IIRC-hey, it"s been 50 years...the charges are typically set about 2 feet apart, and the size and depth of the charge is dependent on how deep a ditch you want. Yes, there is no berm.
 
Never bought into that BS about lard or butter being bad for anyone. Both had been
around for hundreds of years before someone told us that eating "vegetable oils " were
much better for us , then "animal fats" . Hydrogenated vegetable oils , like in
shorting , and margarine have really only be widely available since WW2. Which is
coincidentally the same time when folks started to have cholesterol problems, go
figure. Hydrogenated vegetable oils , were nothing more than a cheap substitute for
the more costly animal products, and have received wide use by the food processing
industry to increase profits , with no concern to the health effects on those whom ate
the food.
 
We were still using dinamite in the early 60's to blast rocks so we could remove from fields. As a teenager I was pretty proficient at it. Better at placing charges than my dad. In school my voc ag teacher assigned us to make a ag related visual aid. I made a slide series on how to dinamite a rock, complete with the rock 6' in the air. Today that would get me suspended for life! Somewhere I have a copy of that book. Quite a guide to dinamiting as I remember.
 
I don't know lard probably killed my grandmother that's all she would ever cook with and she only made it to 96.

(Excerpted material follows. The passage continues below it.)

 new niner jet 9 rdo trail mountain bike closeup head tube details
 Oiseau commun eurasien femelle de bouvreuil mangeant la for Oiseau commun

I do know a fellow that is allergic to vegetable oil doesn't use anything but lard wanted my overweight hogs because they had lots of fat on them.
 


FWIW, while I wouldn't recommend drinking DDT, what we were told about it was wrong when they started the talk of banning it and they knew it. It was the agenda that mattered, not the facts.

Beyond that, all things in moderation has been good advice for millennia.